A secondary reason for our deference to certain types of unsubstantiated beliefs (i.e., the ones we call “religion”), though one that some people often hallucinate as being the primary reason (although for some it may well genuinely be primary), is compassion. People do not want to risk offending or hurting the feelings of others who take their protected beliefs so seriously. Why do I say that this is not the primary reason? It’s pretty clear that for most people it isn’t. We do not defer to all unsubstantiated beliefs equally. Even within the realm of religion many people accord differential degrees of respect. Are Mormons respected as much as Christians by everyone? Surely not. What the Mormons need to do if they want more respect is have a whole lot of kids, get more Mormons in powerful positions in society, and flexing their political muscles more often in order to gain the compliance of more political candidates, government agencies, corporations and so on. What about New Age philosophies? Do we respect these as much as Christianity? Generally, no. What about a new cult (which, by the way, are alternatively termed “new religious movements”) in a suburb of Chicago that we hear about for the first time next week; will it get the same deference as Judaism? Of course not! Even if a person of one of these “lesser” forms of belief were to start crying because people would not stop questioning their beliefs and pointing out the insufficiencies of their defences, many (though not all)people would still not be won over by compassion – they may well start laughing (more so).

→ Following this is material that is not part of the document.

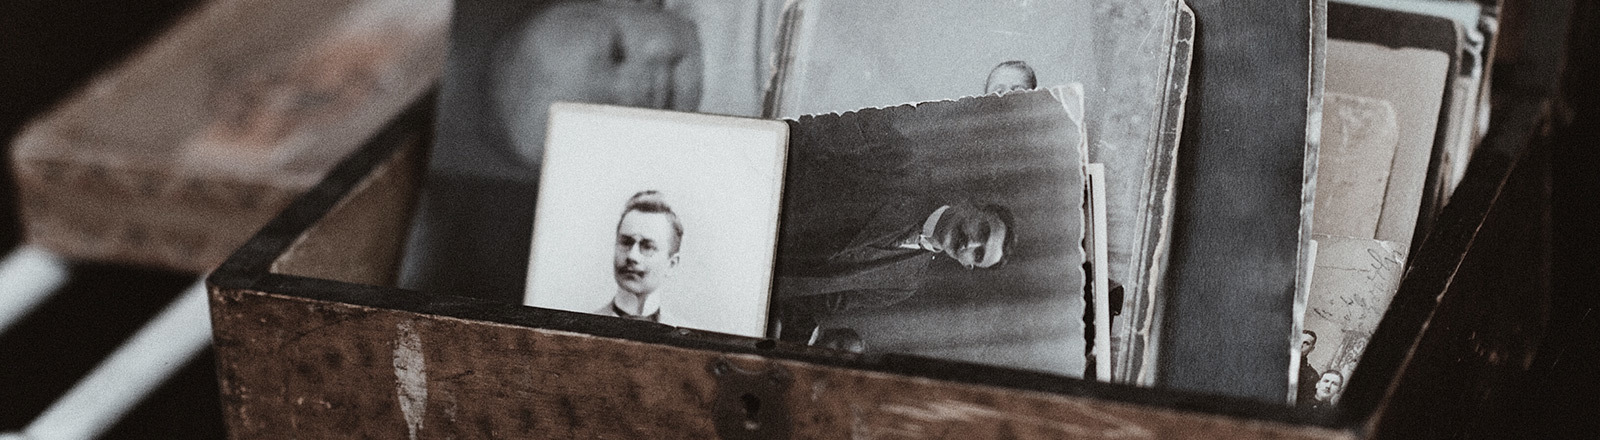 Kiste mit alten Fotos

I think a real problem is that compassion is justified in the first place. I’m not at all against feeling compassion for someone who is feeling hurt. But I’m concerned that people would feel so hurt about their beliefs being challenged and possibly being wrong. I’ve said it before, attachment to beliefs (as well as other externals) can be very personally and socially dangerous. This has been recognized by many religious and philosophical schools of thought. People have derived this meaning from the Christian notion of avoiding the worshipping of false idols. Buddhism speaks specifically of the dangers of attachment. Deep personal and social attachments to beliefs, possessions, even other people (if the grown person is not ultimately capable of independence), can be a great source of insecurity which can lead to great personal and social turmoil. When it comes to beliefs, I am of the belief (which is subject to modification given strong argumentation) that commitment to the products of reasoning (i.e., the beliefs) over the process of reasoning (ideally the maintenance of a neutral open-minded honest inquiring mind) is something that should be avoided in the interest of personal and social well-ness. Maybe if we lived in a world where more people practiced this sort of philosophy, we would not be afraid to question (or have questioned) certain types of beliefs, maybe we the world wouldn’t be quite so socially factionized, and maybe there would be fewer cases like that of the Neumanns for people like me to write blog posts about.